Но как бы она ни подыскивала помягче, «суетесь» вполне меня устраивало и могло служить хорошим поводом.
– Кто суется! – крикнул я тем новым петушиным звонким голосом, который впоследствии часто из меня исторгался.– Кто?! А?! У меня семью разорили… Я с трех лет по чужим углам валяюсь…– В коридоре за дверьми ожидающие приема притихли, видно прислушиваясь.– Сталинская…– крикнул я (не знаю, каким чудом окончательно не потерял голову и не выпалил следом грязное ругательство),– сталинская… сталинская… сталинская…– Из-за того, что усилием воли я отсек второе слово, у меня в голове образовался некий вакуум, промежуток, который я не мог миновать на пути дальнейшего логического изложения мысли. Поэтому я все время повторял: – Сталинская… сталинская… сталинская…– и вскоре уже не говорил это слово, а как бы икал его…

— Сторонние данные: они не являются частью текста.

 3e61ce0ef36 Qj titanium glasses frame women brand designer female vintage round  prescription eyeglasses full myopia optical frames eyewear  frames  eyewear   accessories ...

Плоскогрудая побледнела от испуга и злости. Дверь из коридора приоткрылась, и оттуда заглядывали очнувшиеся от сонной одури посетители. Открылась и иная дверь, с противоположного конца кабинета, и оттуда вышла женщина, которую я даже первоначально принял за Корневу. Должен сказать, что, во-первых, в подобных учреждениях служит большое количество женщин, а во-вторых, типы этих женщин не отличаются разнообразием. Это либо плоскогрудые, мужеподобные личности, либо женщины типа А. Ф. Корневой, обладающие не утонченной, но народной женственностью, которую они, возможно не без легкого кокетства (приталенный пиджак лишь подчеркивает бедра), итак, не без кокетства пытаются прикрыть мужскими элементами в одежде. Вошедшая женщина была постарше А. Ф. Корневой, однако, несмотря на это, пожалуй, помиловидней, причем эту миловидность придавала ей как раз легкая полнота ответработника… В частности, у нее была очень мягкая красивая шея, именно за счет легкой полноты.

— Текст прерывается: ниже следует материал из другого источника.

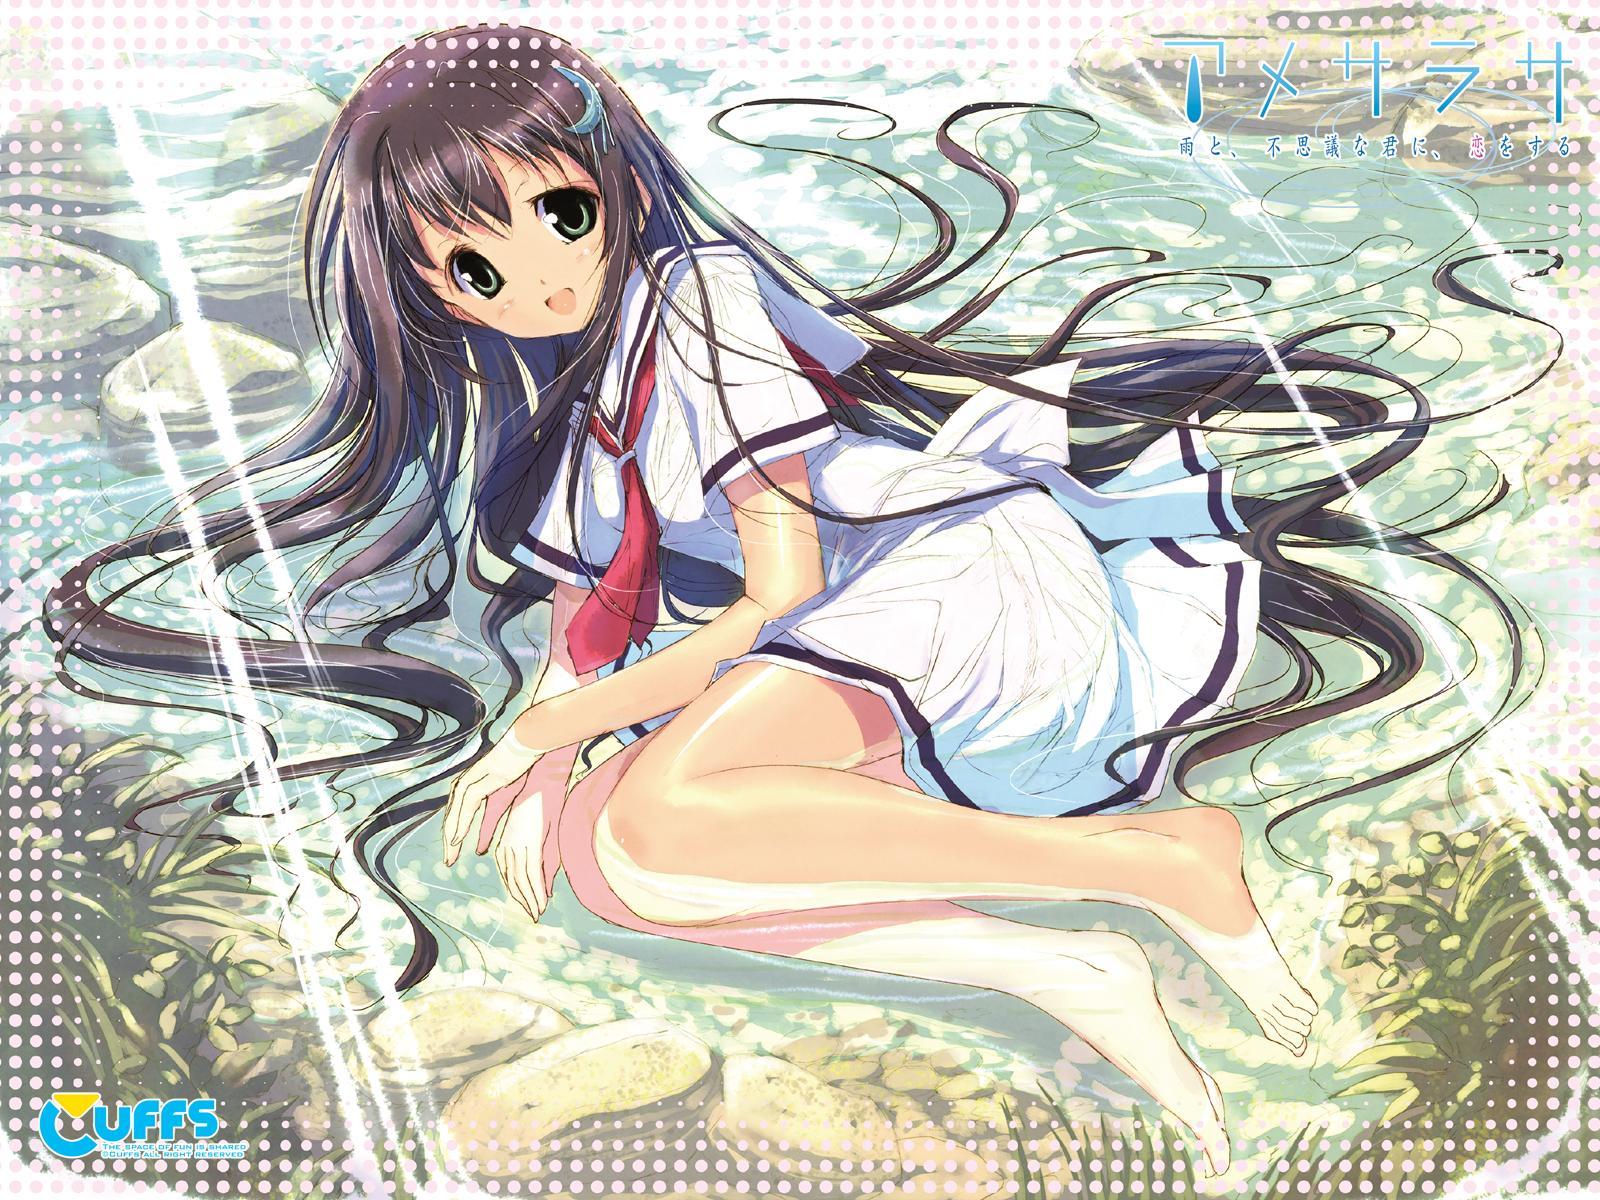 amesarasa barefoot brown_hair chiyokawa_rin cuffs_(studio) green_eyes long_hair school_uniform water

– Вот, Ирина Алексеевна,– сказала плоскогрудая,– ворвался, морочит голову… Оказывается, он живет в общежитии, а требует улучшения условий… Да еще нагло оскорбляет…
– Во-первых, я не ворвался,– повернувшись к плоскогрудой и глядя на нее с ненавистью, сказал я.– Я сидел в очереди… У меня очередь,– я говорил это, уже стоя посреди кабинета, вскочив со стула.
– Мы, миленький,– мягко сказала мне Ирина Алексеевна,– мы живущих в общежитии на учет не берем… А вообще, кто вы такой?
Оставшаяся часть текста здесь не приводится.